Task to carry out: Only one stretch of the listing below is wanted. Give it again exactly, from the line with "28x25cm, April 2021" through the line with "Gold tone titanium dog tag necklace.".

Task input:
***

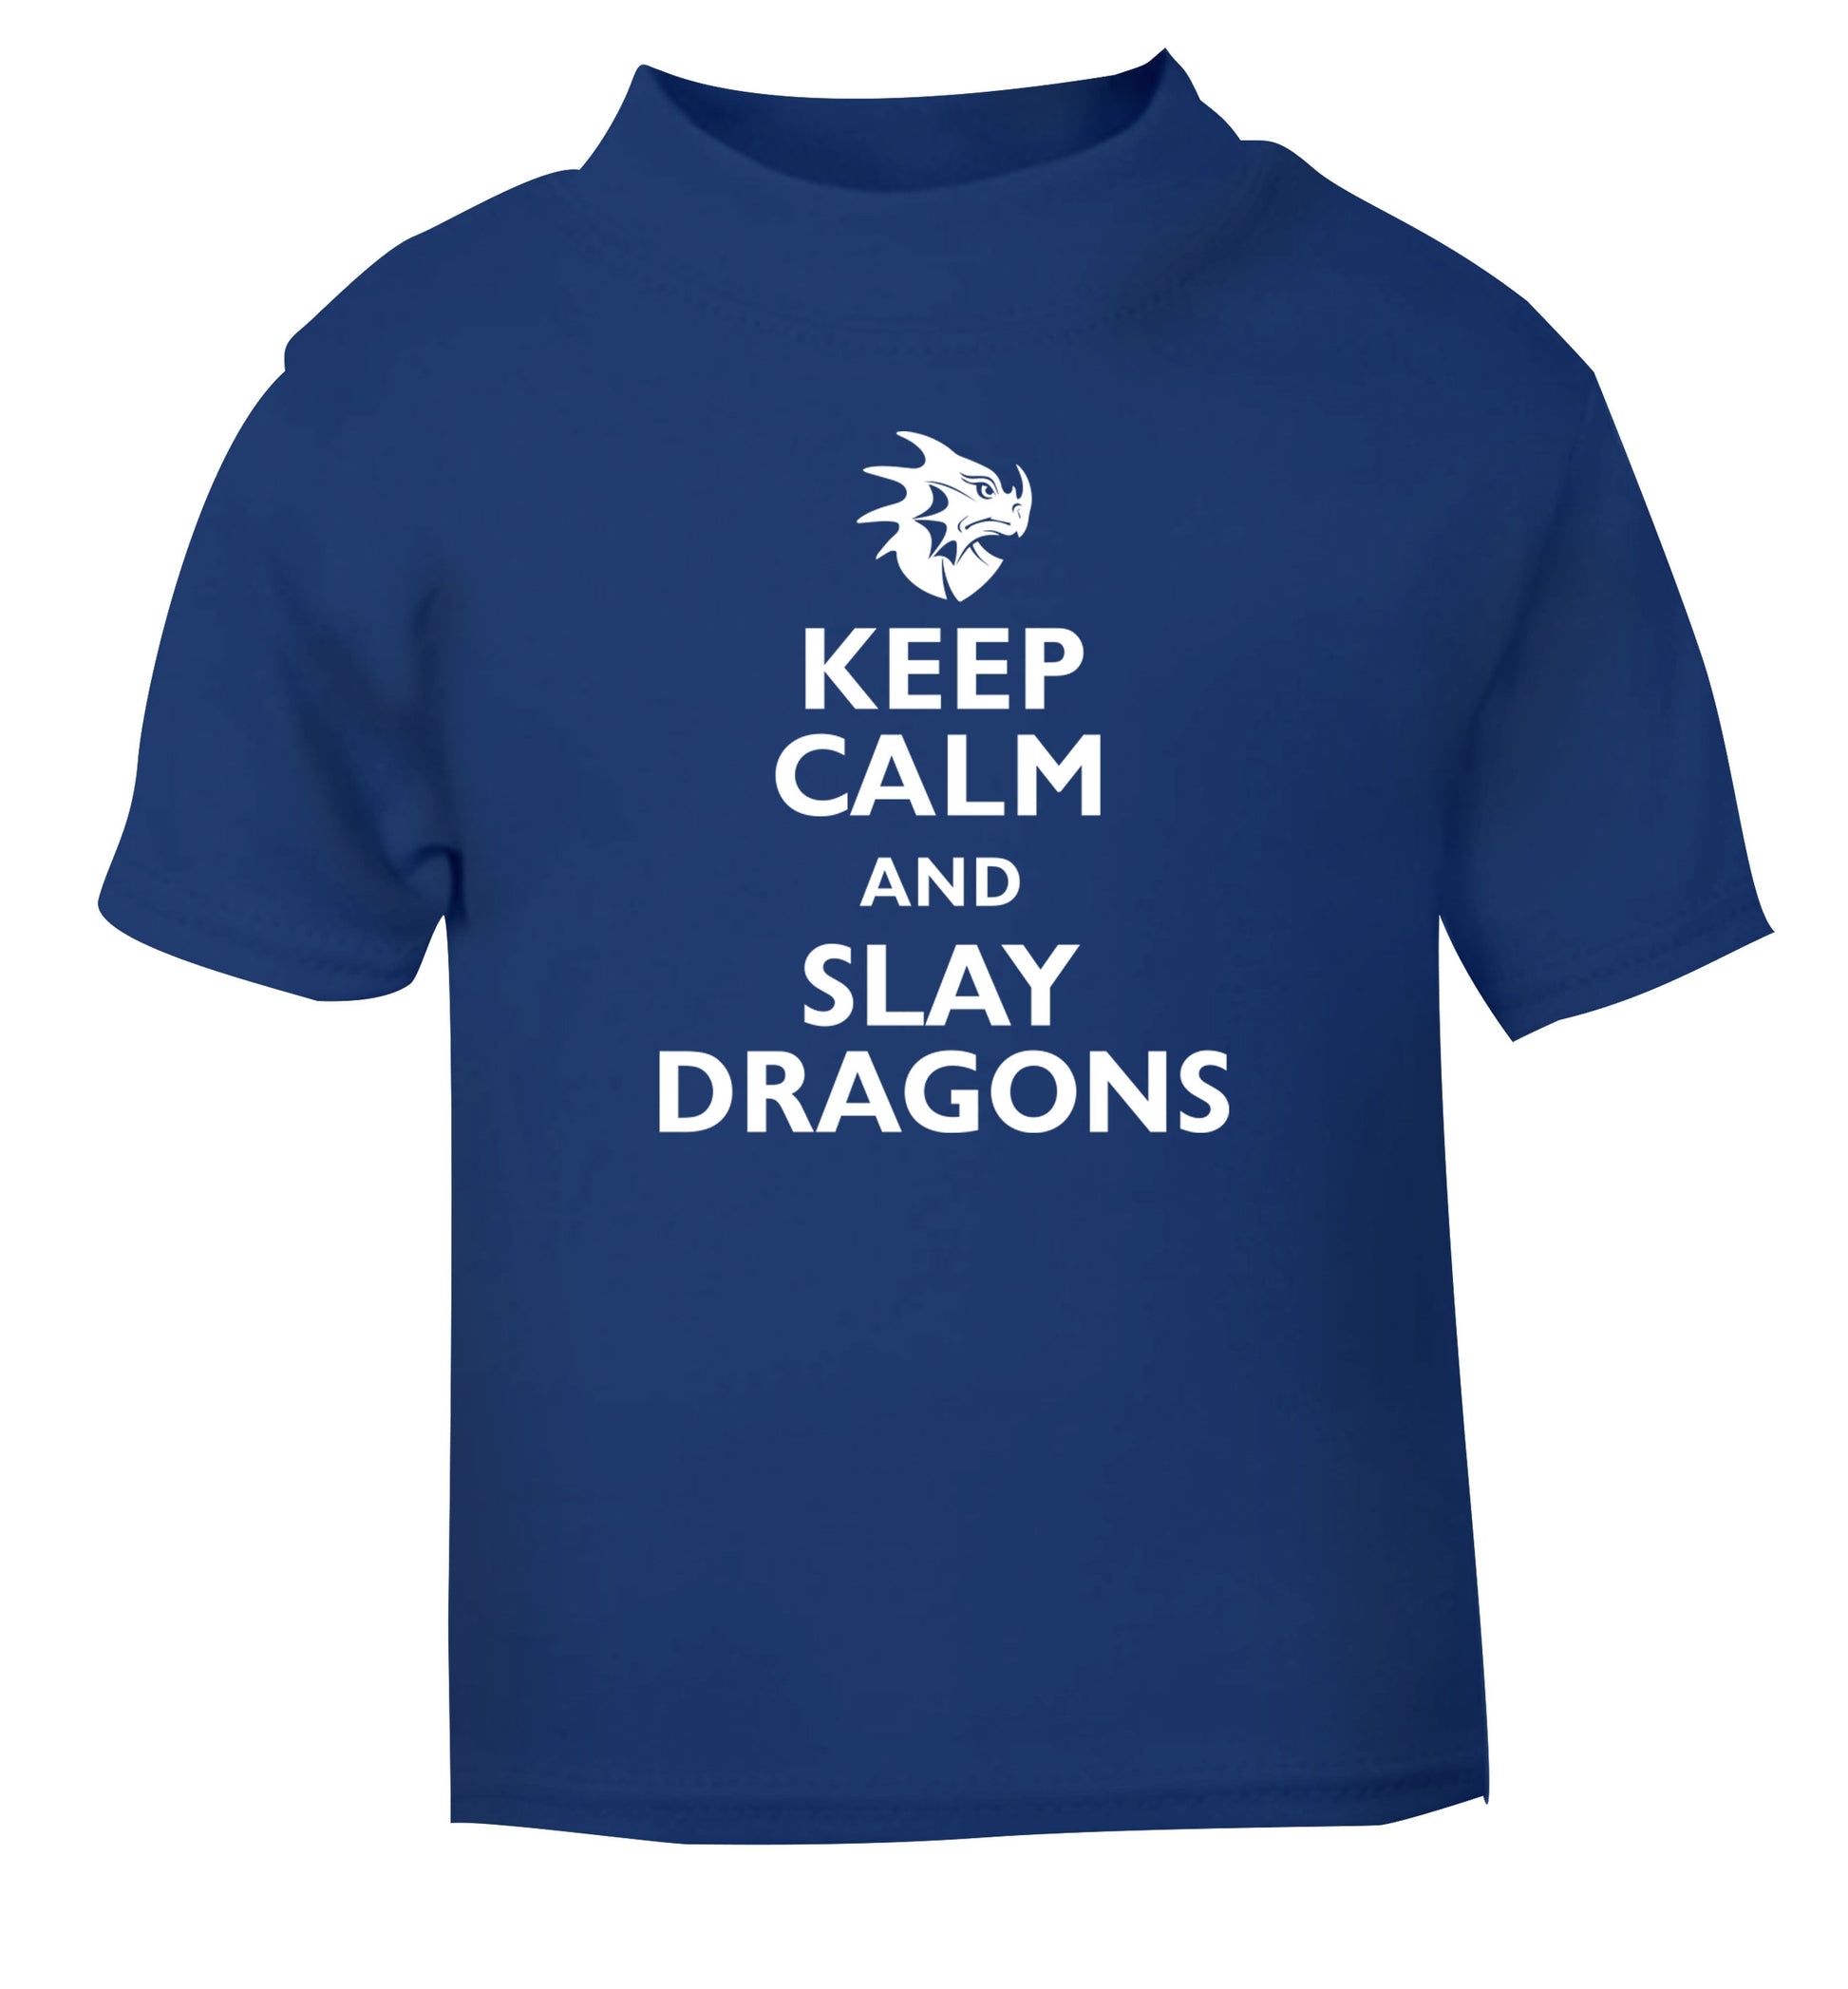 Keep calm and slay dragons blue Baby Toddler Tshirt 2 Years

***

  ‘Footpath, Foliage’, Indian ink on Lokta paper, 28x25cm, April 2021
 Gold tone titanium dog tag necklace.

***

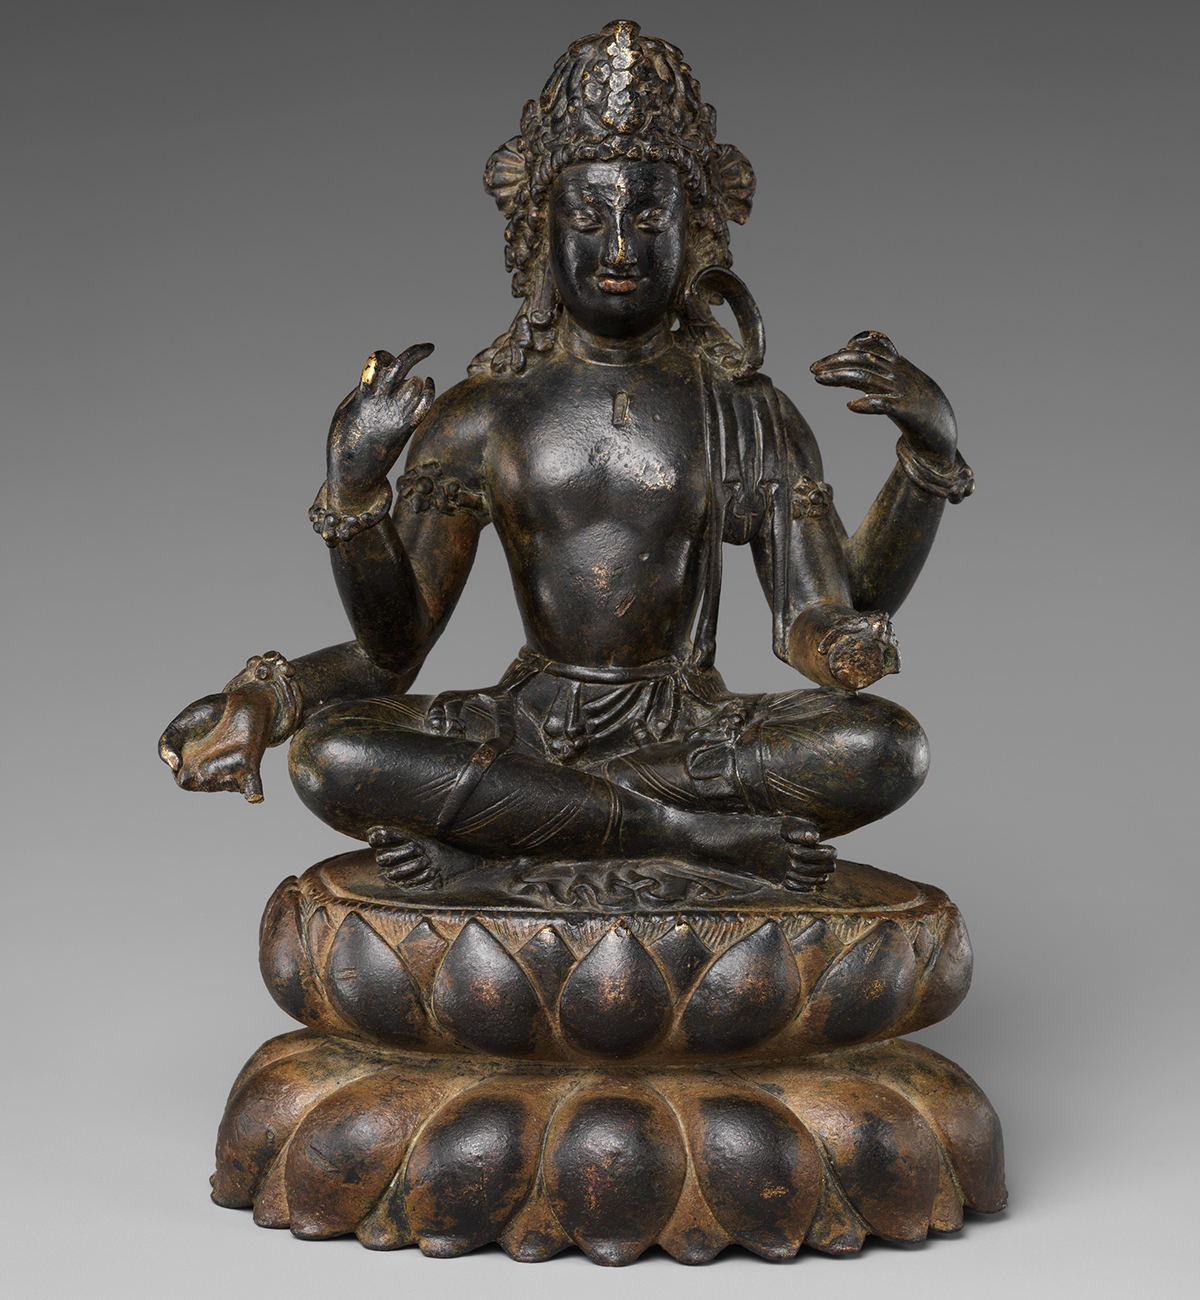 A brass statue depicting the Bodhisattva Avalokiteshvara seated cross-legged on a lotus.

***

Solution to this task:
  ‘Footpath, Foliage’, Indian ink on Lokta paper, 28x25cm, April 2021
 Gold tone titanium dog tag necklace.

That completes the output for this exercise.